If perfect forward secrecy (PFS) is specified in the IPsec policy, a new Diffie-Hellman exchange is performed with each quick mode, providing keying material that has greater entropy (key material life) and thereby greater resistance to cryptographic attacks. Each Diffie-Hellman exchange requires large exponentiations, thereby increasing CPU use and exacting a performance cost. By default, Cisco devices do not have PFS configured.

The secure tunnels used in both phases of IPsec are based on SAs used at each IPsec endpoint. SAs describe the security parameters, such as the type of authentication and encryption that both endpoints agree to use.

Diffie-Hellman Algorithm

The Diffie-Hellman algorithm was the first public-key algorithm and is still considered one of the best. IKE uses public-key cryptography to negotiate security parameters and protect key exchanges.
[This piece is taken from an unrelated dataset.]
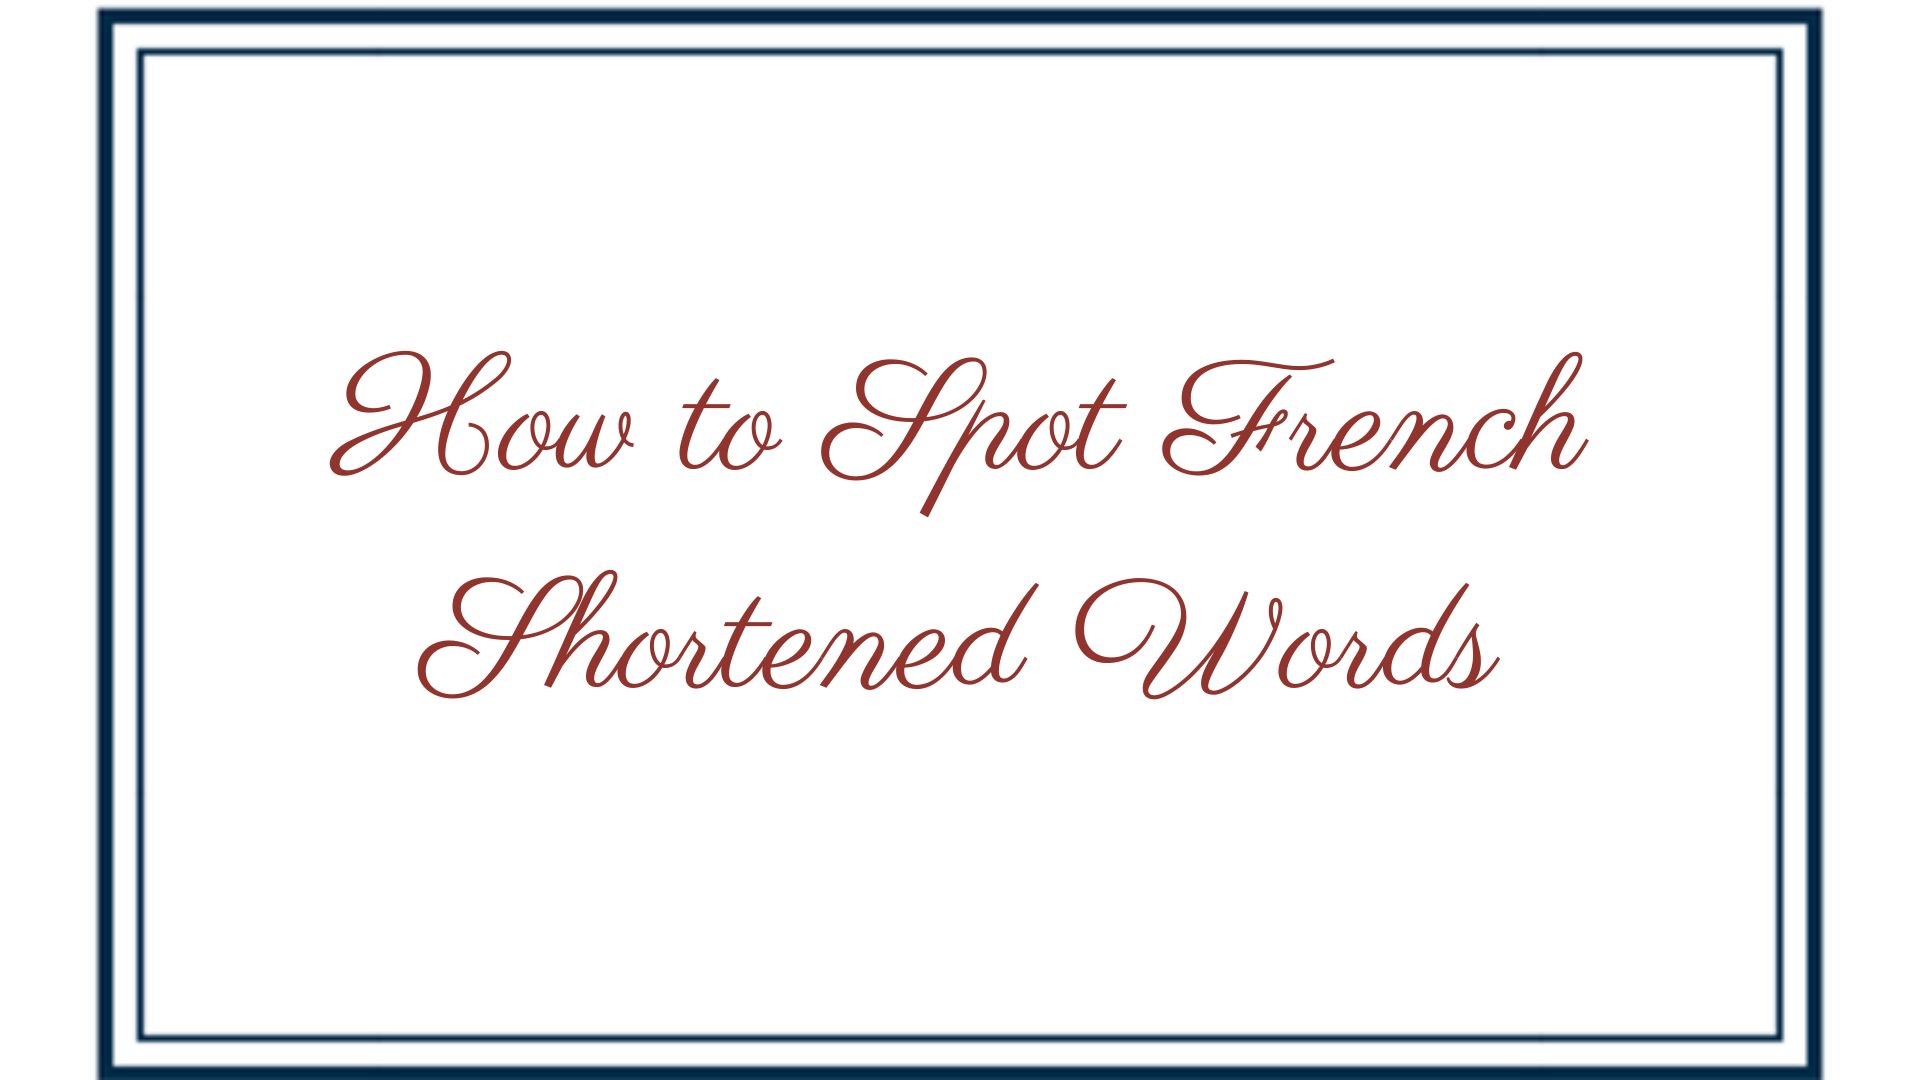 How to Spot French Shortened Words

Specifically, the Diffie-Hellman algorithm is used in the IKE negotiations to enable the two peers to agree on a shared secret by generating the key for use. This is why you will see that the Diffie-Hellman algorithm is used several times throughout the process.

In general, here is how the algorithm works: Each peer contains a private key. The Diffie-Hellman algorithm takes that private key and generates a public key. The public key is a product of the private key, but is such that the private key cannot be deduced by knowing the public key. The peers then exchange public keys, as shown in Figure 9-10.

Figure 9-10 Diffie-Hellman Key Exchange

If Peer A wants to pass encrypted traffic to Peer B, Peer A encrypts the traffic going to Peer B with Peer B’s public key.

Peer B then uses its own private key to decrypt the message because its public key is derived from its private key. This ensures that only Peer B can decrypt the message because only Peer B knows its own private key.

This method enables a secure communications channel to be established (ISAKMP SA) so that subsequent IPsec SAs can securely exchange key information in privacy without having to use a public key algorithm to exchange their own keys every time encrypted traffic is passed. Figure 9-11 shows the various steps in ISAKMP Phase 1 and Phase 2 negotiations.

Figure 9-11 VPN Connection Establishment

Figure 9-11 illustrates that traffic is already encrypted before the end of IKE Phase 1. This provides for a secure exchange of the IPsec proposals and keys performed on behalf of IPsec in IKE Phase 2.

In addition to providing a secure mechanism for key exchange and managing IPsec SAs, ISAKMP also provides several other important functions. ISAKMP can be configured to set IPsec SA lifetimes, which enables more control over how often keys are exchanged. It also enables keys to change during communication without removing and re-creating the IPsec SAs. With standalone IPsec, if keys are to change during communication, existing SAs are “torn down” and rebuilt with the new keys. Because ISAKMP negotiates SAs for IPsec and protects them with its own SA, keys can be changed on-the-fly without re-creating SA negotiations. This provides a substantial advantage over IPsec alone. ISAKMP also enables dynamic authentication of peers and data integrity checks via the use of one-way hash algorithms.